Dois dias depois que o jovem iemenita saiu da cirurgia, os médicos sentiram o cheiro pela primeira vez. A bala que penetrara na perna do universitário de 22 anos tinha estilhaçado o osso e feito um buraco na pele. Agora, a ferida exalava um odor distinto, descrito na literatura médica como “ofensivo”. Havia fortes indícios de uma infecção, talvez com risco de vida, e o ferimento não melhorava.  
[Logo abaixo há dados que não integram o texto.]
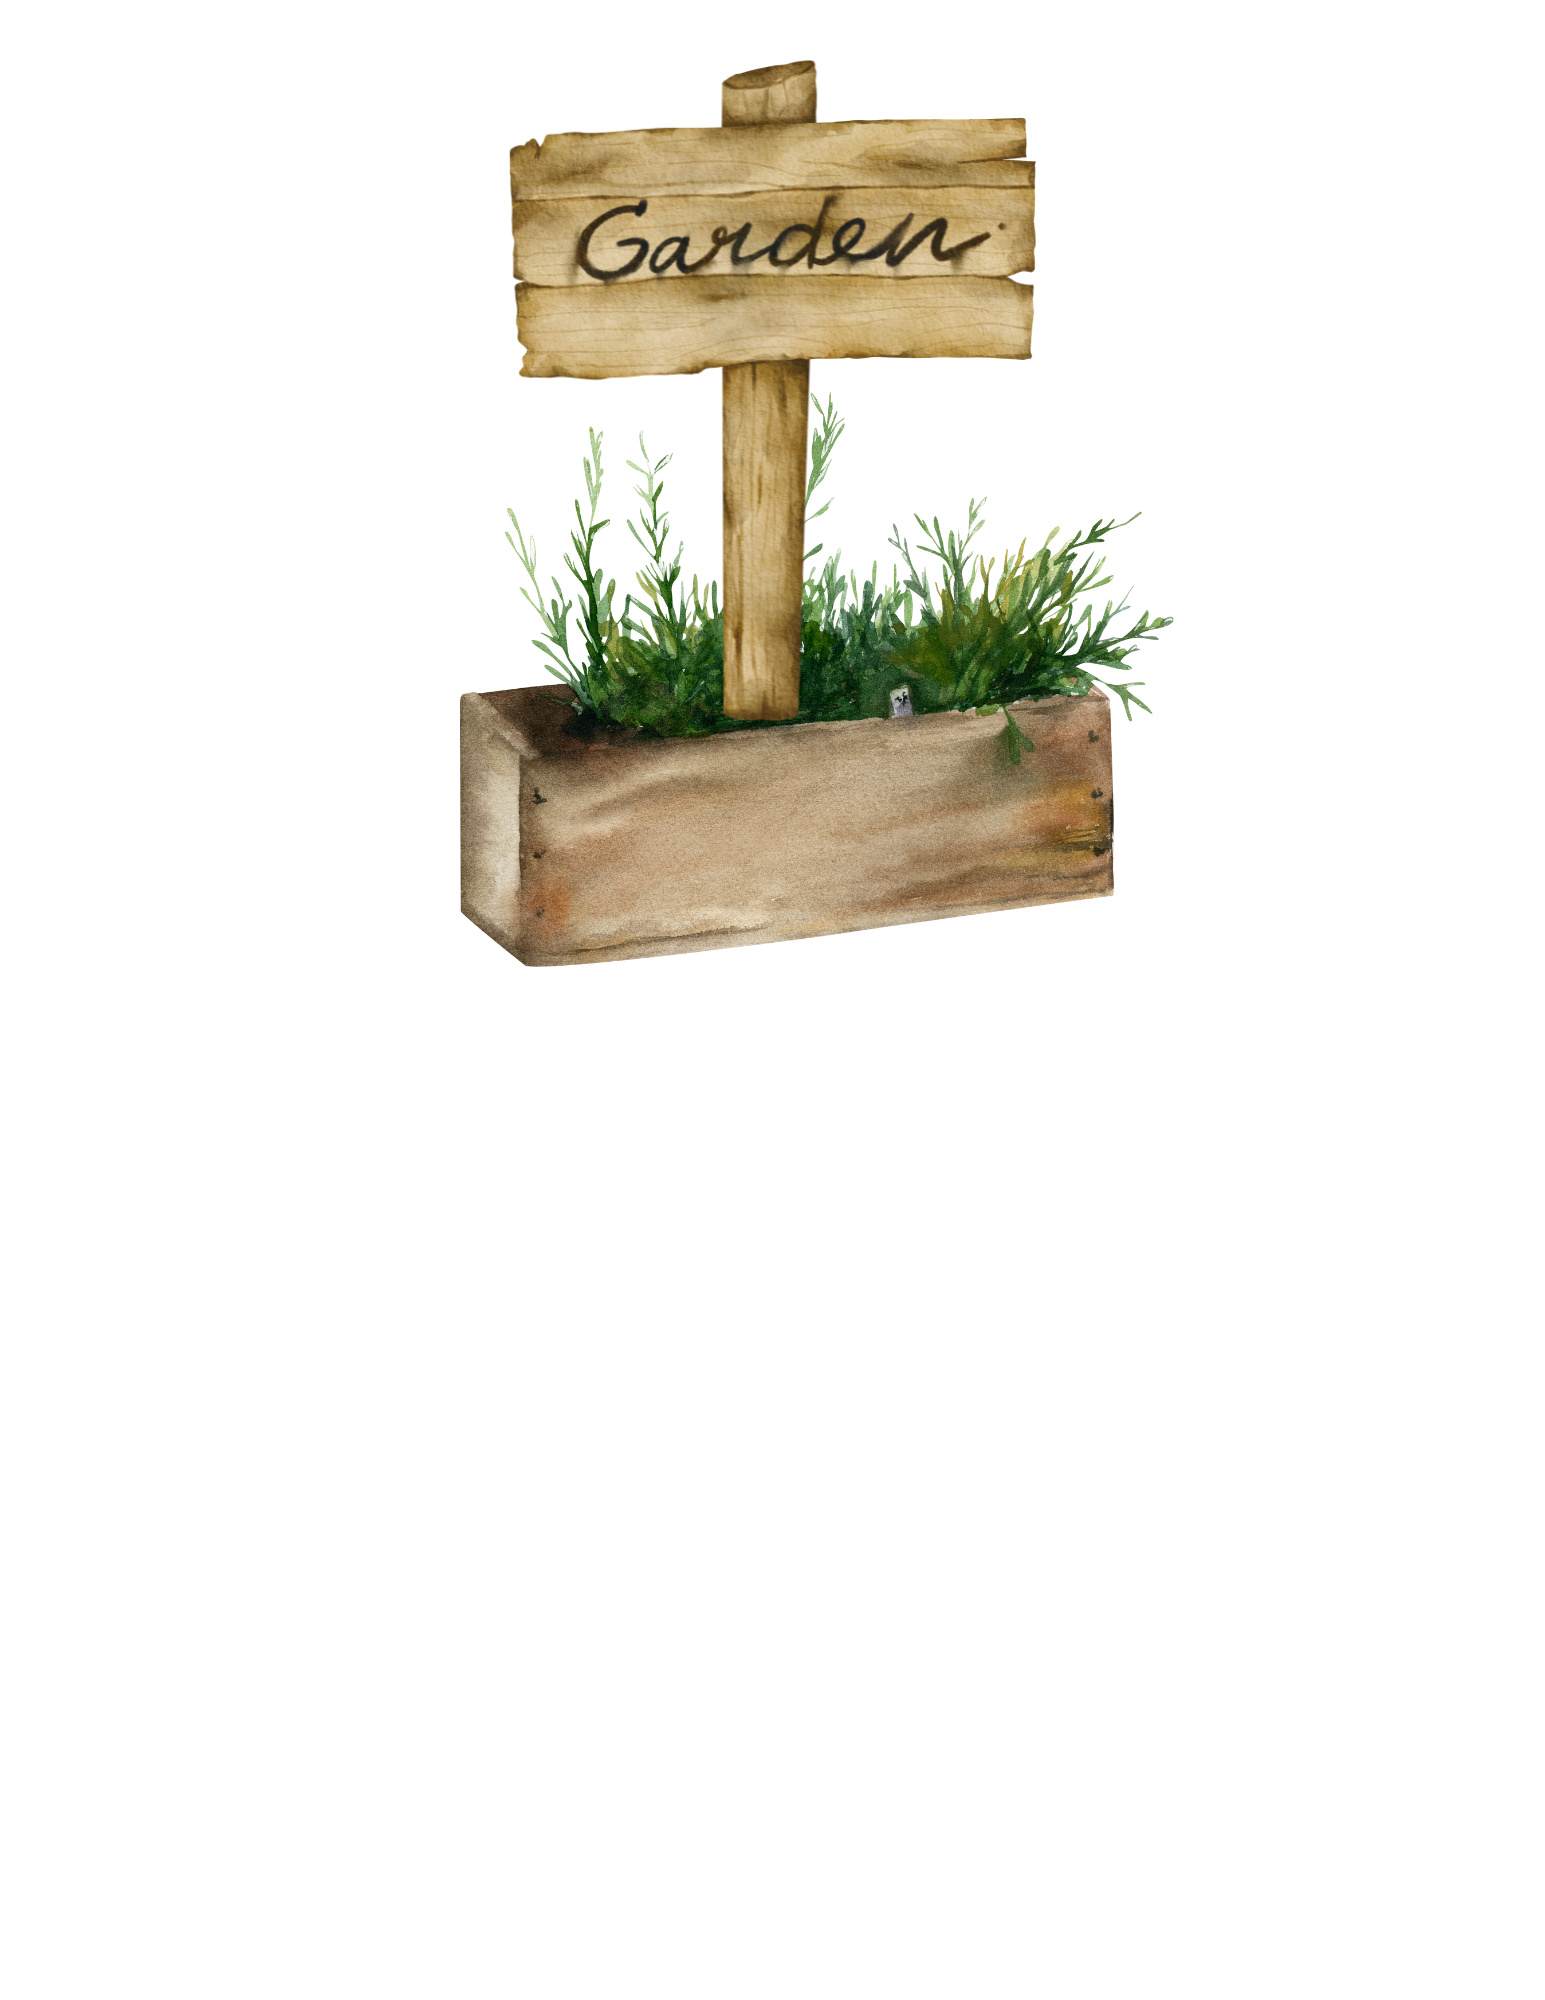 garden sign and box.png

Percebendo que os antibióticos normais não estavam funcionando, os médicos do centro de traumatologia administrado pela organização Médicos Sem Fronteiras enviaram uma cultura de sangue para análise para o novo laboratório de microbiologia, o único do tipo na região. E os resultados revelaram a presença de uma bactéria, a Acinetobacter baumannii, resistente à maioria dos antibióticos padrão. Ninguém sabe como o estudante – identificado apenas pelas iniciais, A.S., para preservar sua privacidade – adquiriu a infecção, mas ela é tão comum no Iêmen que pode ter sido da própria bala ou da areia no chão onde ele caiu, segundo o Dr. Nagwan Mansoor, diretor do programa piloto de antibióticos da Médico Sem Fronteiras.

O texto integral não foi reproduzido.